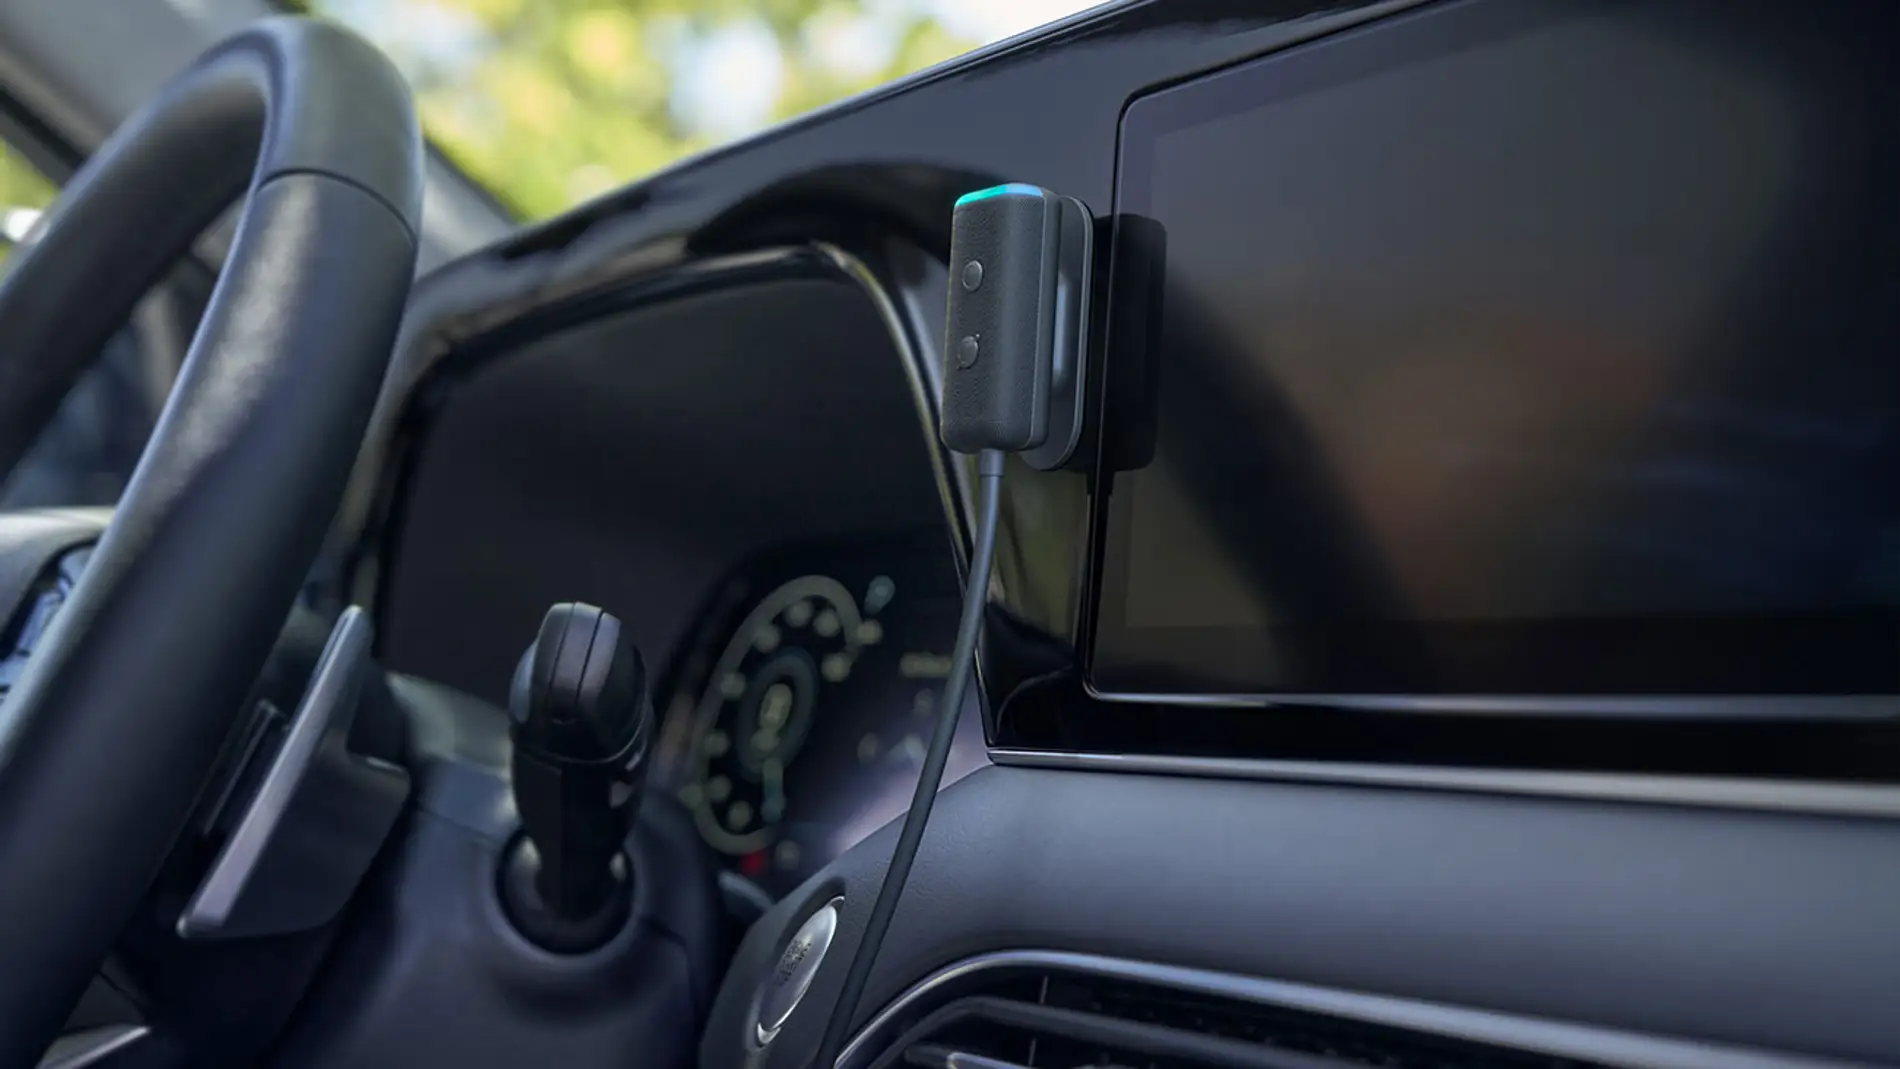 Echo Auto en España: Alexa en tu coche con estos 8 micros -  Meristation
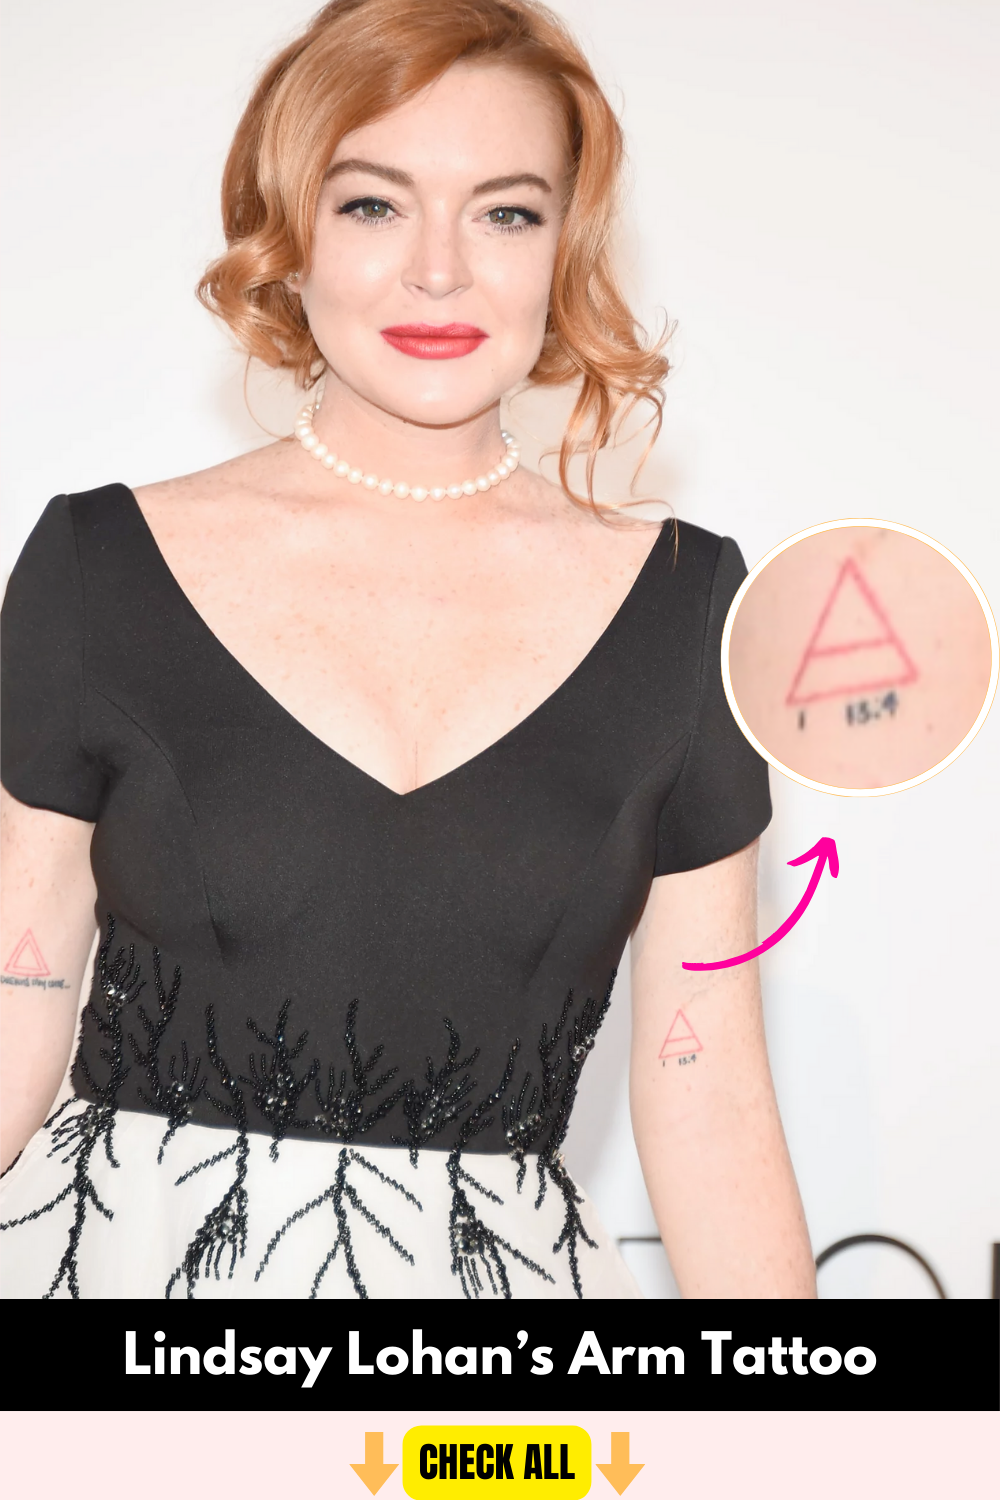 Lindsay-lohan-arm-tattoo-traingle-with-numbers
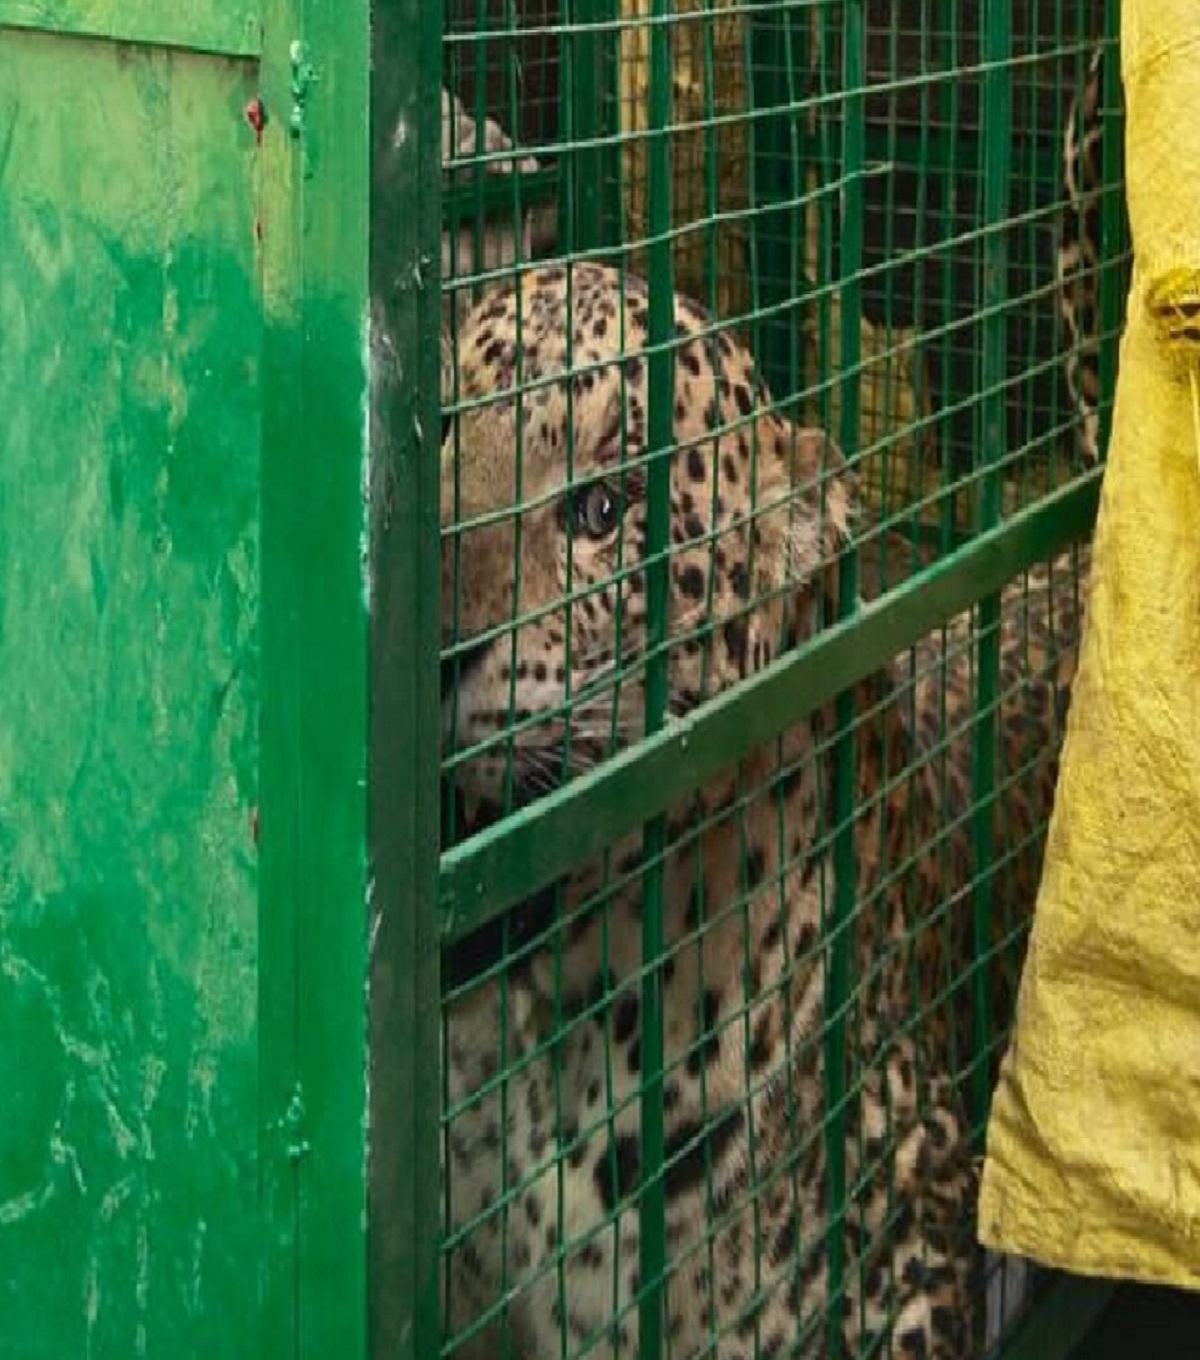 Panther Movement : पैंथर हुआ पिंजरे में कैद, वन विभाग की टीम ले गई साथ, लोगों ने
ली राहत की सांस
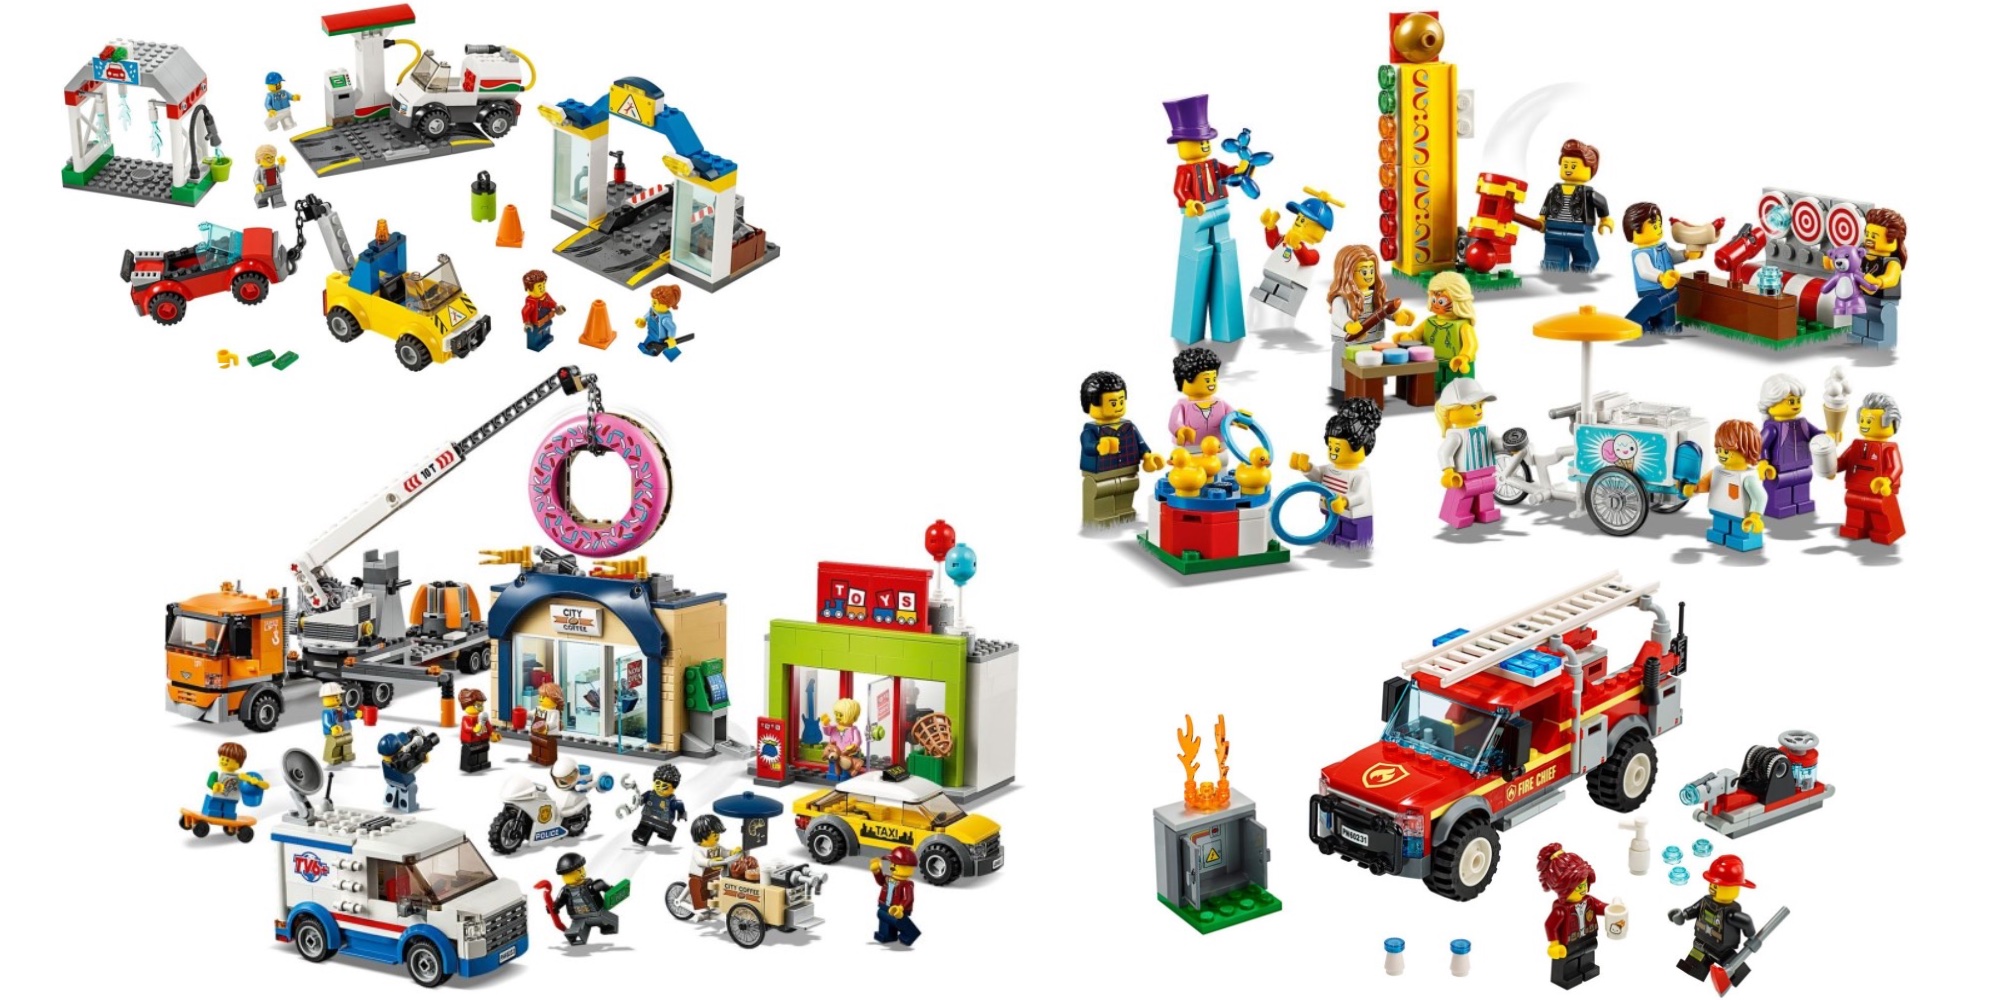 LEGO Summer City kits
* * * *
YOUR ASSIGNMENT: Output everything in the records exactly, leaving pictures out.

YOUR SOLUTION:
 Echo Auto en España: Alexa en tu coche con estos 8 micros -  Meristation
 Lindsay-lohan-arm-tattoo-traingle-with-numbers
 Panther Movement : पैंथर हुआ पिंजरे में कैद, वन विभाग की टीम ले गई साथ, लोगों ने
ली राहत की सांस
 LEGO Summer City kits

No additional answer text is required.